Goings On

Fred and Ginger, All Weekend Long

Mark Sandrich’s Follow the Fleet (1936)

It’s so spot on that there’s no getting around it, so let’s just go ahead and get that Katharine Hepburn quote out of the way right off the top: “He gives her class, she gives him sex.” She was speaking, of course, of Fred Astaire and Ginger Rogers, the most celebrated on-screen dance partnership not just of Hollywood’s golden age but of any age. Starting today, and on through the weekend, New Yorkers will be treated to a complete retrospective of the ten films they made together at the Film Society of Lincoln Center.

Before arriving in Hollywood, both Astaire and Rogers had risen up through vaudeville to Broadway. Rogers scored her first film roles in 1929 and a contract with Paramount the following year, and Astaire followed in 1933, appearing first as himself dancing alongside Joan Crawford in Dancing Lady. In his second film that year, Flying Down to Rio, he was billed fifth—just after Rogers—and it was their duet to the tune of “Carioca” that launched their partnership.

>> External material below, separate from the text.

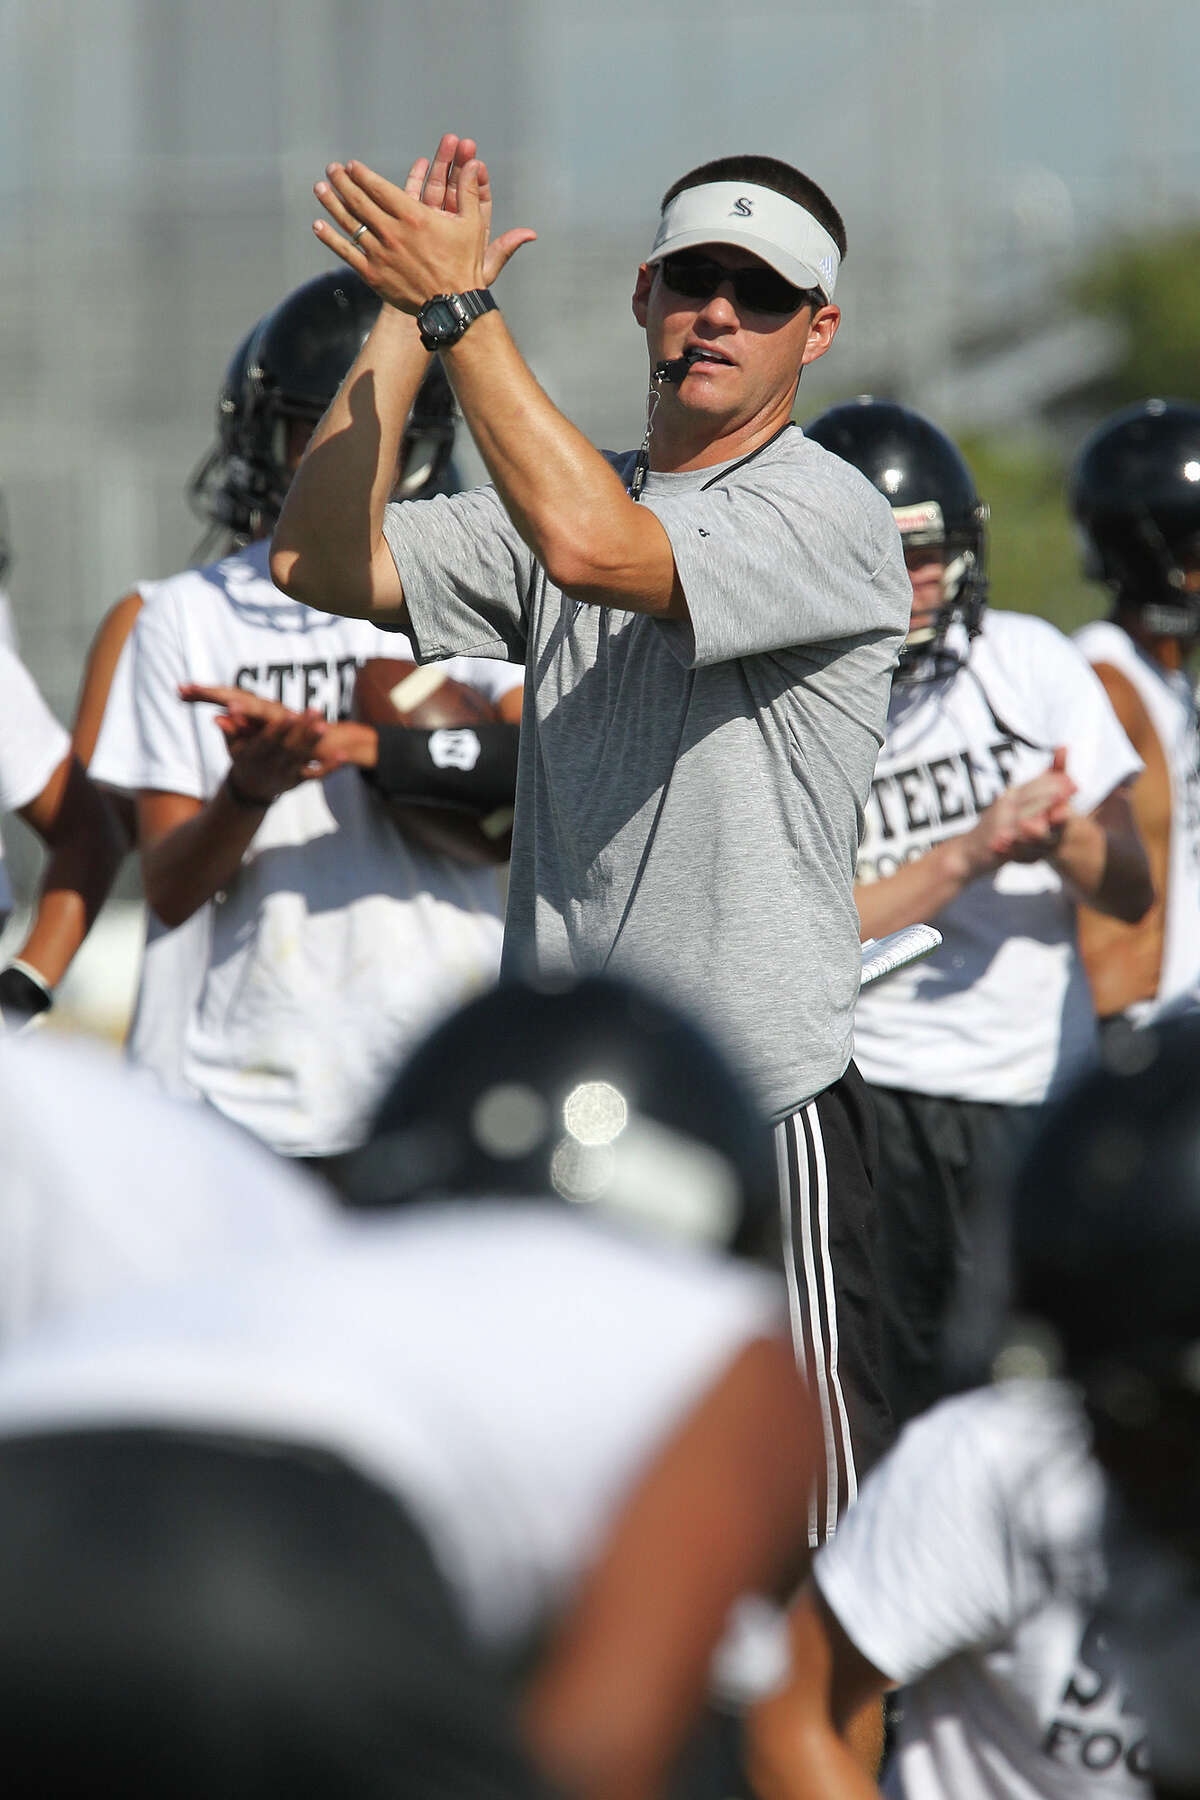 Steele High School Head Football Coach Scott Lehnhoff goes through the team's first practice of the season, Monday, Aug. 12, 2013. Lehnhoff took over the team after Mike Jinks left for Texas Tech University. The Knights have a 43-4 record in the past three years.

Writing for the New York Times in 2009, Alastair Macaulay argued that their appeal lay in the way they “expressed many of love’s moods: courtship and seduction, repartee and responsiveness, teasing and challenge, the surprise of newfound harmony, the happy recapture of bygone romance, the giddy exhilaration of high spirits and intense mutual accord, the sense of a perfect balance of power, the tragedy of parting and, not least, the sense of love as role playing.”

What also made their dance numbers so sensational, besides the choreography of Astaire and Hermes Pan, was Astaire’s insistence that they be filmed in long, uninterrupted, head-to-toe shots with no distractions such as cutaways to close-ups or reaction shots. And as Michael Sragow points out in a piece for Film Comment, the pleasure of these films is derived from the way they “fashion their own ebullient subgenre by lampooning melodramas, weepies, drawing-room comedies, high-flown romances, and more conventional musicals. We’re in on the game as the filmmakers manipulate stock devices in novel ways from film to film.”